In this part we will use Hugging Face's high-level Pipeline API to create summaries with a pre-trained model. There are three main steps involved when you pass some text to a pipeline:

1) The text is preprocessed into a format the model can understand.

2) The preprocessed inputs are passed to the model.

3) The predictions of the model are post-processed, so you can make sense of them.

In [None]:
from transformers import pipeline
summarizer = pipeline("summarization")

This line of code allows us to see which model is being used by default. We can also find this information in the source code for pipelines: https://huggingface.co/transformers/_modules/transformers/pipelines.html

In [None]:
summarizer.model.config.__getattribute__('_name_or_path')

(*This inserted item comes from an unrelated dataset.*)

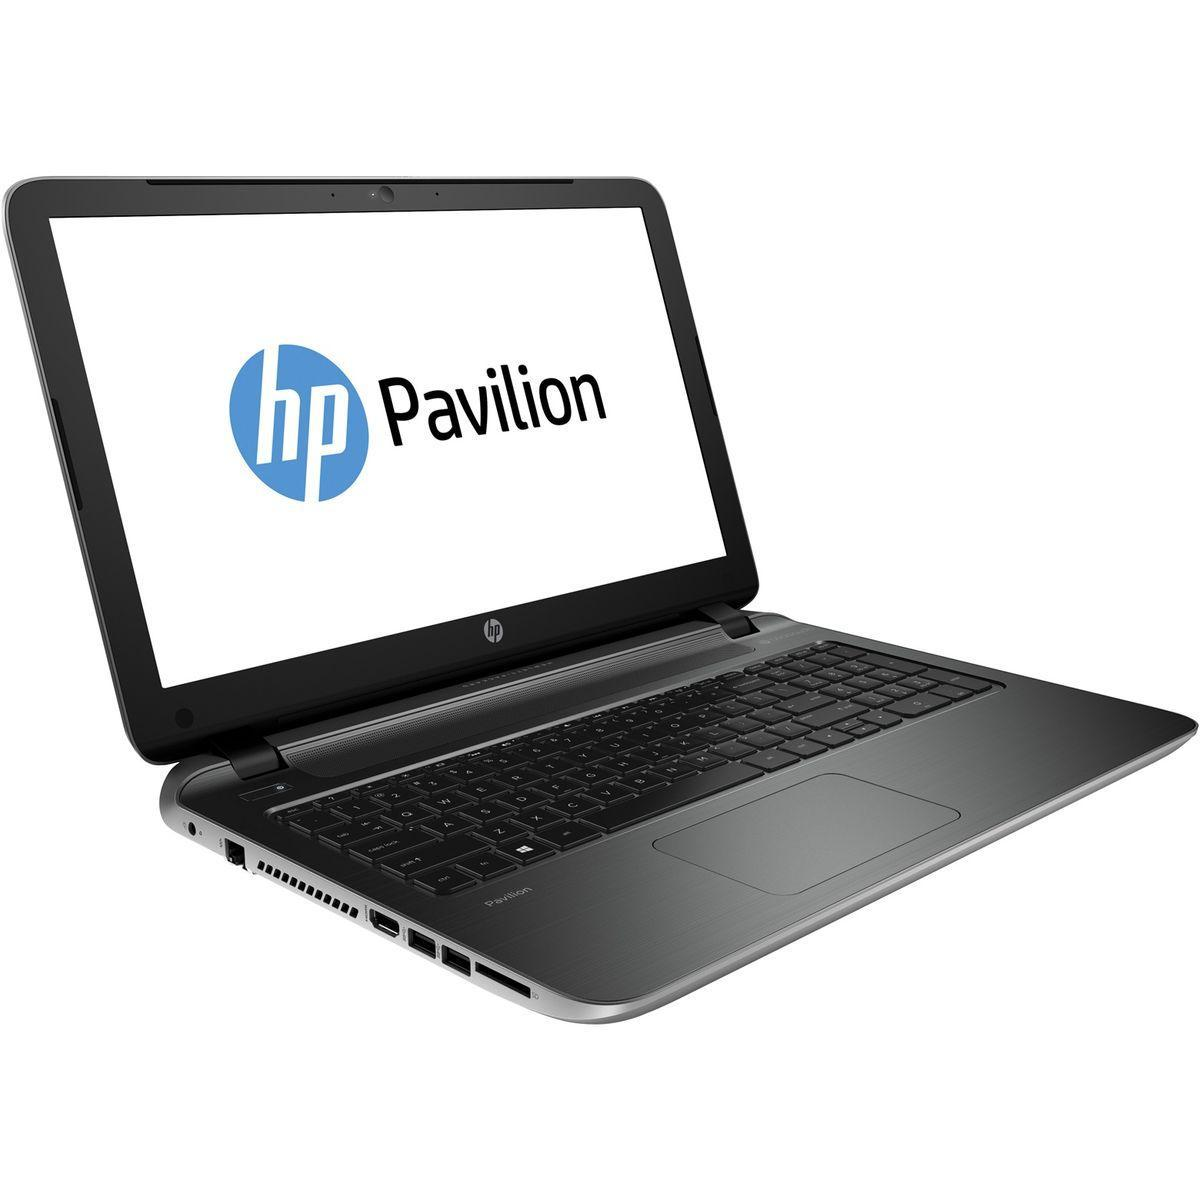 Hewlett Packard PAVILION 15-P269NF - I5-5200U 2,2 Ghz GHz - HDD 750  Go - RAM 4096 Mo Go - AZERTY

The model for the standard summarisation task is https://huggingface.co/sshleifer/distilbart-cnn-12-6, which has been specifically trained on 2 datasets: https://huggingface.co/datasets/cnn_dailymail and https://huggingface.co/datasets/xsum. We will keep using this model, but if we wanted to use a different model we could easily do this by specifing it like below. All the models that are trained for summarisation can be viewed here: https://huggingface.co/models?pipeline_tag=summarization&sort=downloads

In [None]:
# summarizer = pipeline("summarization", model='facebook/bart-large-cnn')

In [None]:
import pandas as pd
df_test = pd.read_csv('data/test.csv')
ref_summaries = list(df_test['summary'])
texts = list(df_test['text'])

Testing the pipeline with an abstract from the test dataset

In [None]:
texts[0]

In [None]:
summarizer(texts[0], max_length=20)

Running the pipeline over all 2,000 examples. Because this will take a while we print a counter to keep track of the progress. This should take around 50 minutes.

In [None]:
candidate_summaries = []

for i, text in enumerate(texts):
    if i % 100 == 0:
        print(i)
    candidate = summarizer(text, min_length=5, max_length=20)
    candidate_summaries.append(candidate[0]['summary_text'])

Saving the candidate summaries in case we want to investigate further.

In [None]:
file = open("summaries/zero-shot-summaries.txt", "w")
for s in candidate_summaries:
    file.write(s + "\n")
file.close()

In [None]:
candidate_summaries[:5]

Calculating the ROUGE scores

In [None]:
from datasets import load_metric
metric = load_metric("rouge")

In [None]:
def calc_rouge_scores(candidates, references):
    result = metric.compute(predictions=candidates, references=references, use_stemmer=True)
    result = {key: round(value.mid.fmeasure * 100, 1) for key, value in result.items()}
    return result

In [None]:
calc_rouge_scores(candidate_summaries, ref_summaries)